Block / Square · 2024 · Production Designer · design + engineering · multi-locale, A/B tested

  • +33% Bottom-of-Funnel Conversion
  • 500M+ Addressable Market
  • 4 Locales Launched
  • Conversion
  • Animation
  • Localisation
  • A/B Testing
  • Web Production
The problem

VPOS pages were among Square's highest-stakes public web properties — not editorial pages, but conversion pages, the ones where a merchant weighing their options would land, read, and either sign up or leave. Everything needed to work flawlessly: across multiple locales, across every device breakpoint, with no gap between what design intended and what engineering shipped.

When the lead production designer was out of office mid-project, there was no waiting for a handoff. The QA rounds ran, the issues got flagged, and the timeline held.

VPOS Pages
VPOS, animation
The moment that tested us

How to demo the product turned out to be a more interesting question than it first appeared. Block has tried different demo formats over the years — interactive trials, live sales demos, free trial offers — and each carries a different theory about what converts a hesitant merchant into a confident one.

The team landed on controlled animation organically, through a shared read of what the other formats had and hadn't done. Animation, done with care, does something the others can't: it shows the product behaving exactly as intended, at the exact moment of consideration, with no friction and no risk of the experience breaking. The concern about it feeling "too polished" shaped how it was designed — not a cinematic flythrough, but a precise, functional demonstration of the product doing its job. That distinction mattered, and it's the difference between marketing and evidence.
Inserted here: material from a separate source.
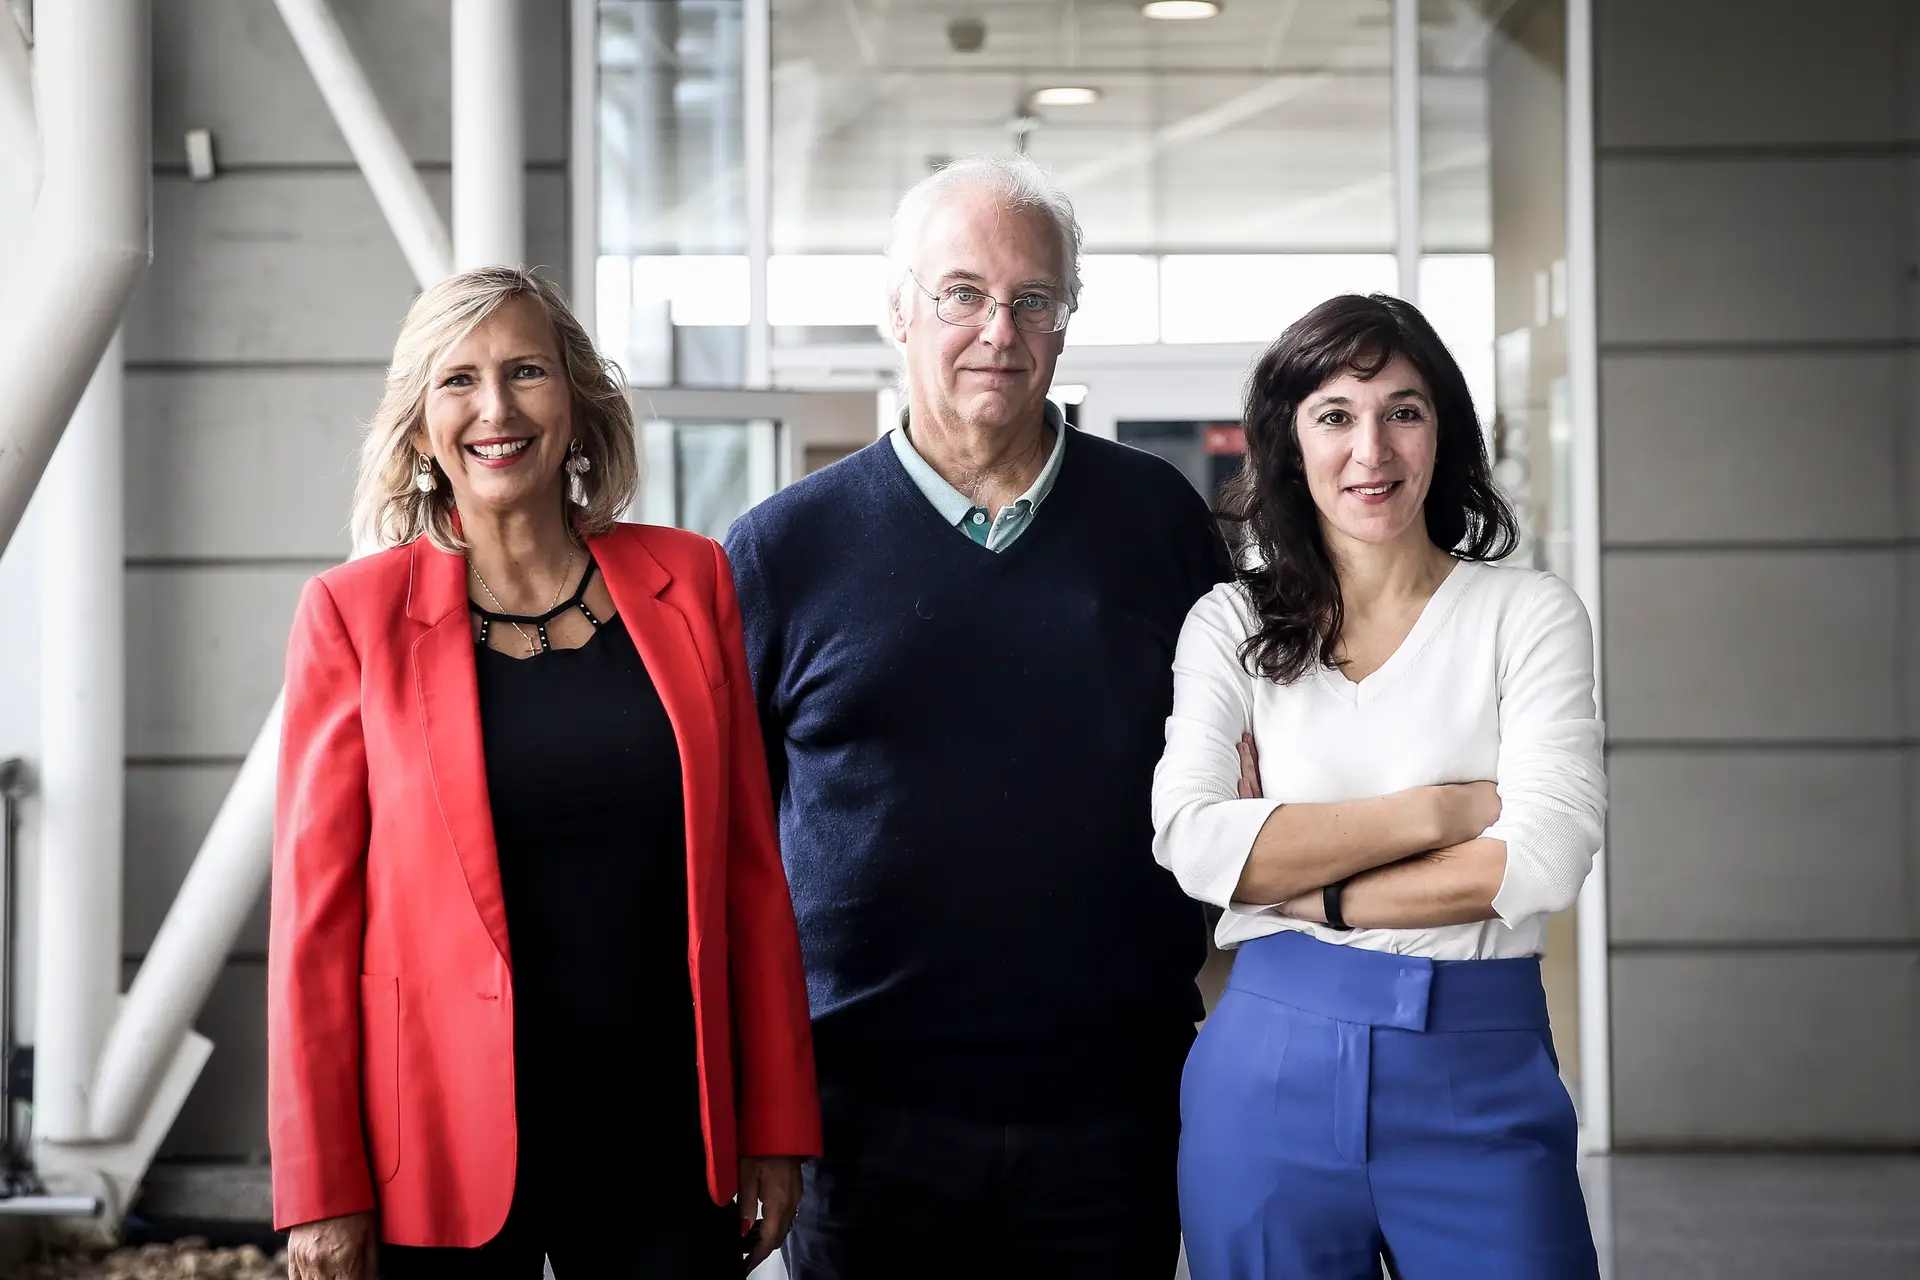 Cecília Arraino, investigadora do ITQB, José Manuel Rebordão, da FCUL, e Ermelinda Maçôas, do IST, vieram ao podcast Futuro do Futuro explicar a ciência dos prémios Nobel da Medicina, da Física e da Química

Localisation ran alongside all of it. Ensuring design integrity across French, Japanese, and additional markets isn't a translation exercise so much as a design one — every layout decision that worked in English had to hold across languages with different lengths, characters, and reading rhythms.

Project narrative arc
What I carry forward

Animation is a conversion decision, not a design decoration. The craft questions — how something moves, how long it takes, what it shows and what it withholds — are inseparable from the conversion questions, and treating them that way changes how you approach both.

This project also sharpened my read of when controlled presentation outperforms interactive experience. On a conversion page, too much openness introduces too much noise, and precision tends to serve trust better when the stakes are high and the moment is short.

“Olivia went above and beyond helping the teams cross the finish line for two big projects while I was away. Her enthusiasm and diligent work is unparalleled.”